The Goodness of Grains
Planning on starting a family? Then it’s time to boost your whole grain intake.
The Goodness of Grains
Forget keto and low carb diets, when it comes to fertility, research consistently shows us that eating wholegrains regularly improves your chances of pregnancy.
Fertility and Pre-natal Dietician, Wendy Fedele, says that many couples she sees have cut grains from their diet under the false notion that they’re bad for us. She would like to change this notion, explaining, “while it’s true that we all want to be limiting refined grained products with a high glycaemic index (think white bread/ pastries/ cakes/ highly processed breakfast cereals etc.), whole grains have so many benefits. They provide sustained energy, are a great source of dietary fibre to promote gut health and contain many fertility-supporting nutrients such as folate and other B vitamins: iron, choline, magnesium.”
One study even found that women with the highest intake of whole grains also had the highest implantation and clinical pregnancy rates, which appeared to be associated with a thicker uterine lining.
Some examples of whole grains are oats, quinoa, brown rice, wild rice, bulgar, buckwheat, freekeh, barley, millet, sorghum, whole rye; as well as products made from whole grains such as bread, crackers, and wholemeal pasta.

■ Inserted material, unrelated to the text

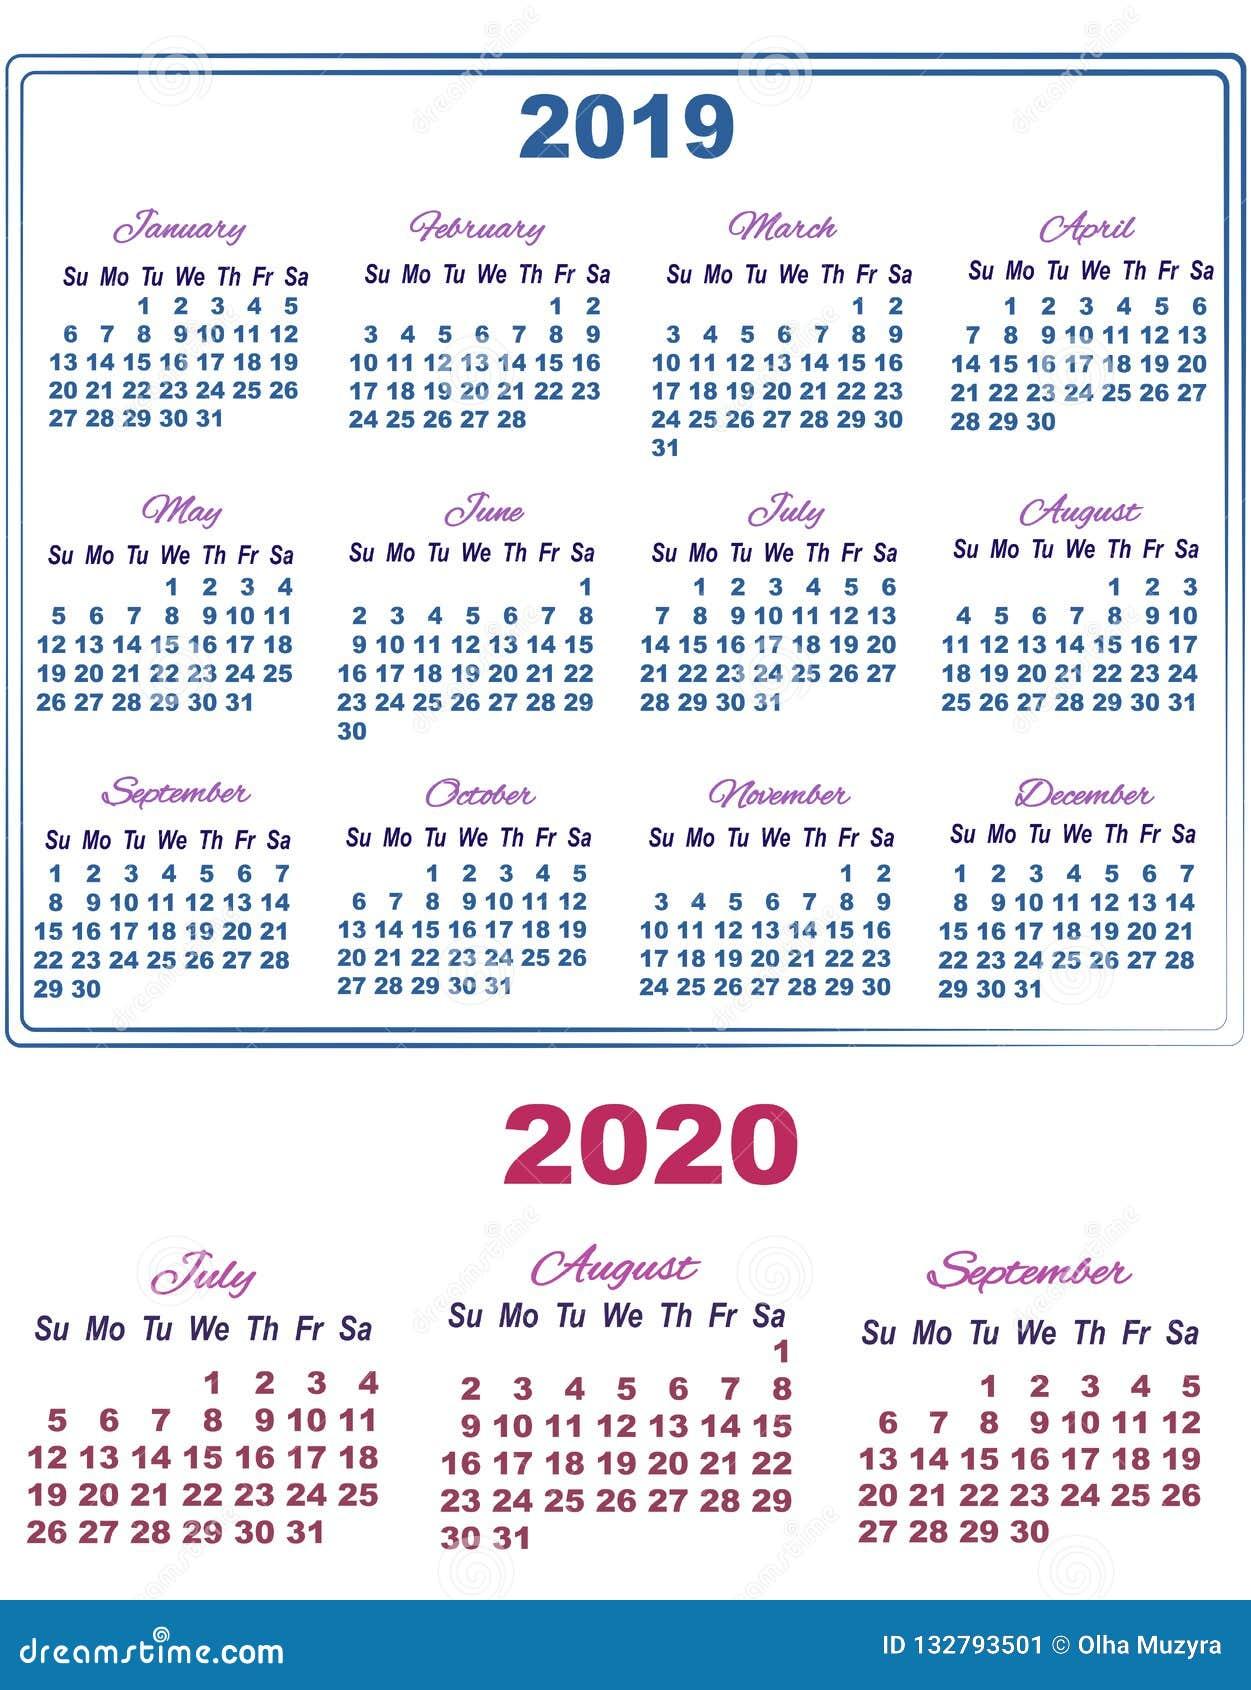 Calendario De Agosto 2020.Calendario 2019 Con Julio Agosto Y Septiembre De 2020 Ilustracion
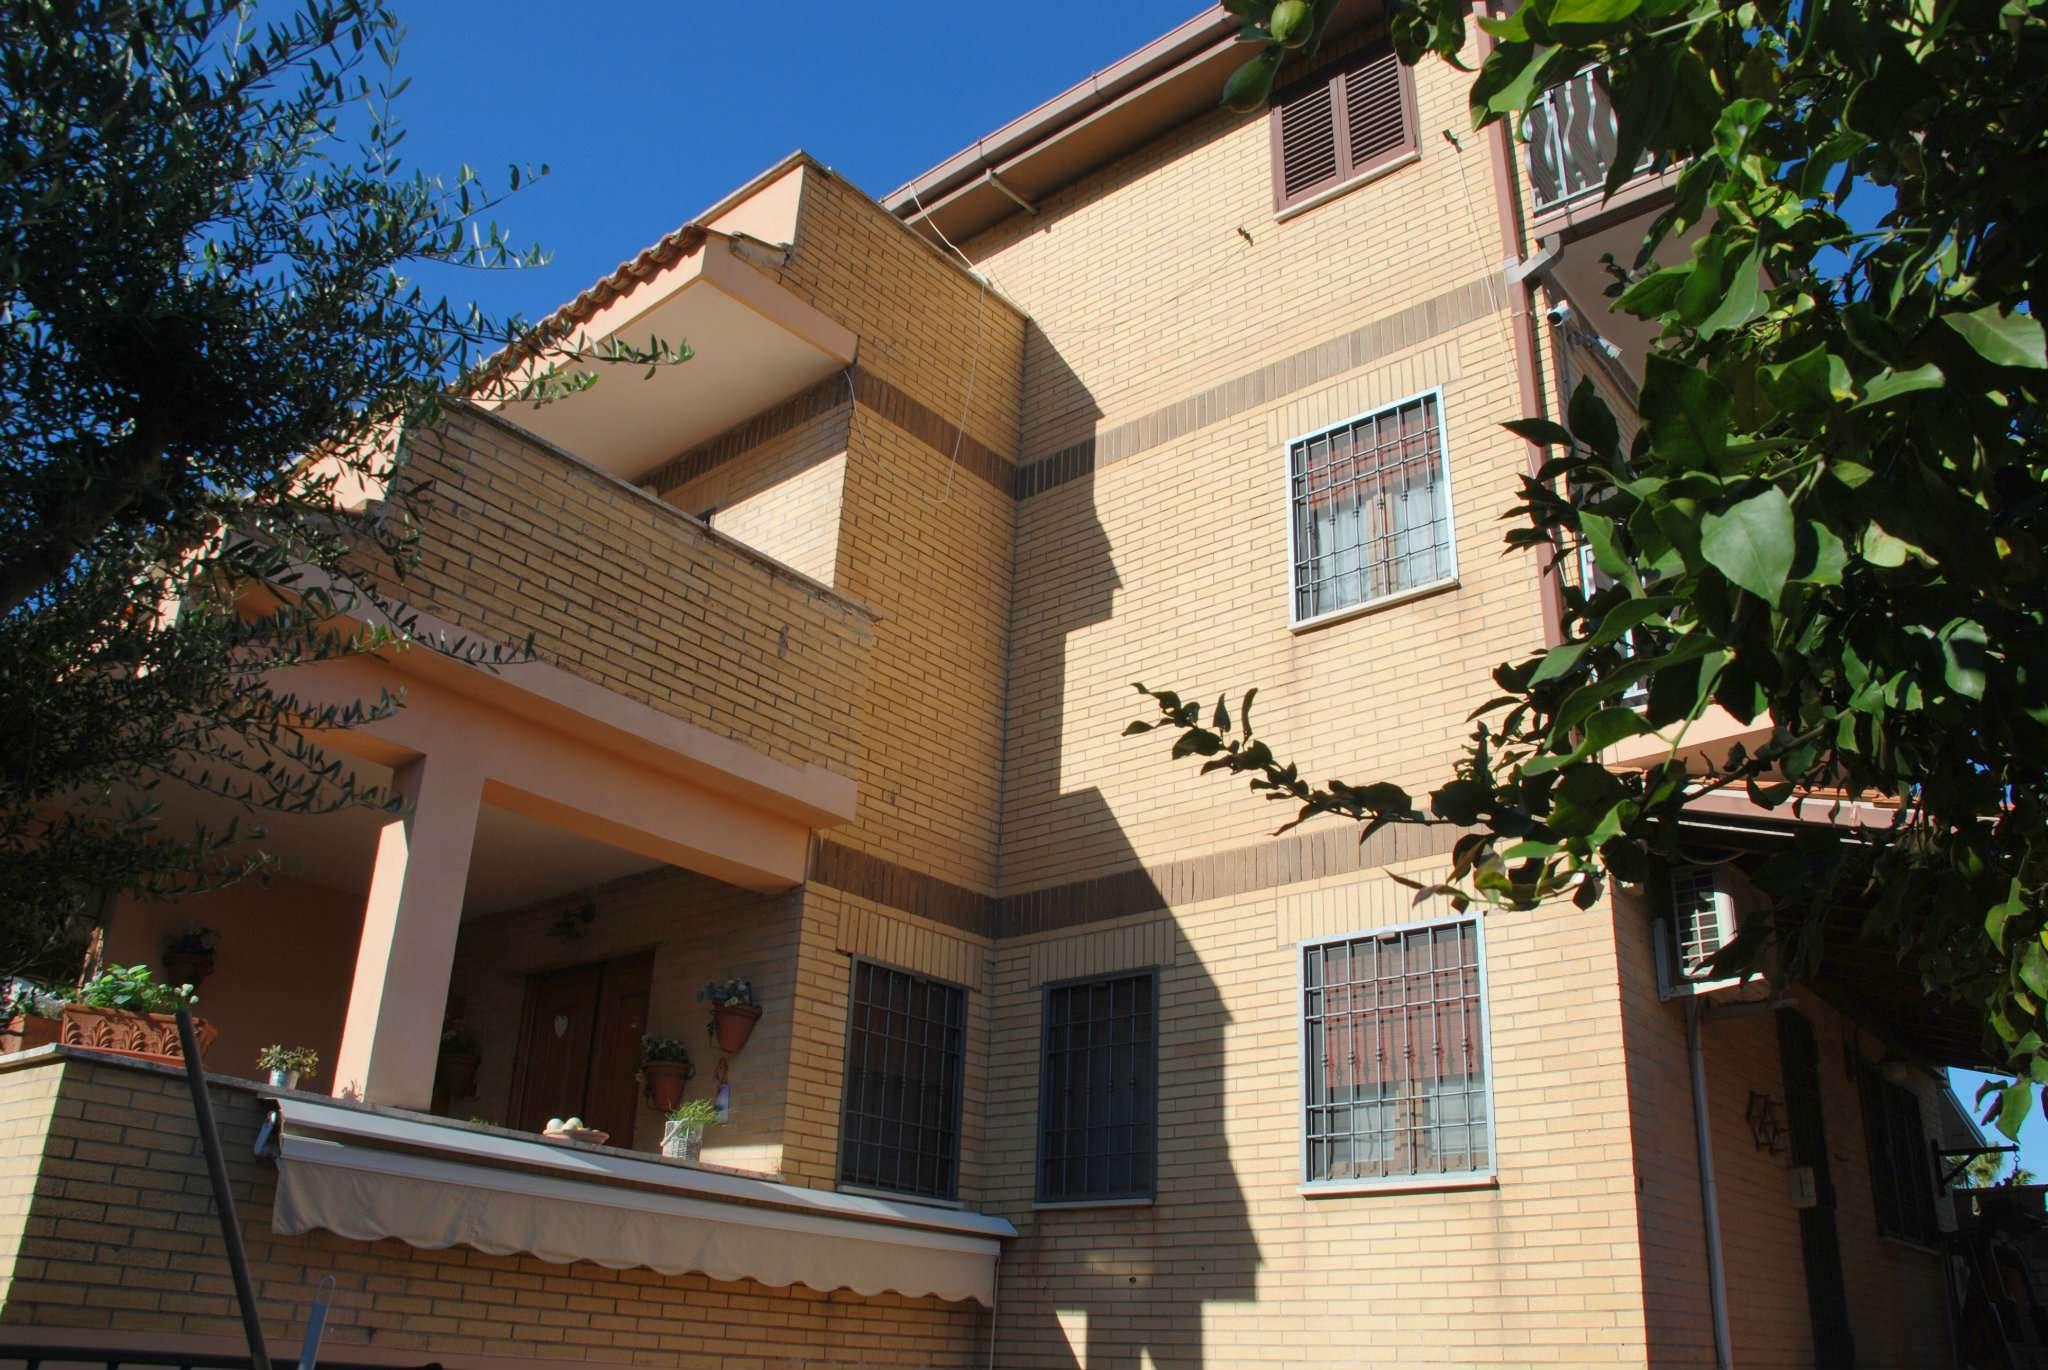 Villa Bifamiliare in vendita a Roma, 6 locali, zona Zona: 38 . Acilia, Vitinia, Infernetto, Axa, Casal Palocco, Madonnetta, prezzo € 480.000 | CambioCasa.it

To boost your whole grain intake, try these tips:
- Swap white bread for wholegrain bread
- Swap refined wheat and rice crackers for wholegrain crispbreads/grainy crackers
- Use whole grains like quinoa, barley, freekeh, brown, or wild rice as a side to your meal (and in place of refined grains like short-grain white rice)
- Replace highly processed breakfast cereals with whole oats, natural muesli, and other wholegrain cereals
- Alternate regular pasta with wholegrain pasta
- Try my Freekeh and mince stuffed capsicums recipe!
Freekeh and Minced Stuffed Capsicum
- 3 tablespoons olive oil
- 1 medium brown onion – finely chopped
- 1 garlic clove, minced
- 500g lean beef mince (chicken mince or lentil work well too for a plant-based option)
- ½ cup reduced-sodium stock
- 2 cups of pureed tomato
- ½ teaspoon of dried oregano
- ¼ teaspoon of chilli powder
- ½ teaspoon of ground cinnamon
- 2-3 sprigs flat-leaf parsley, finely chopped
- ½ cup of freekeh (or whole grain of choice such as quinoa, farrow, long-grain rice)
- 8 red capsicums (choose big, well-formed ones with a large enough hollow centre for stuffing)
- 1 cup hot water
- Side-salad for serving
- Preheat your oven to 180 degrees C (160 degrees if fan-forced)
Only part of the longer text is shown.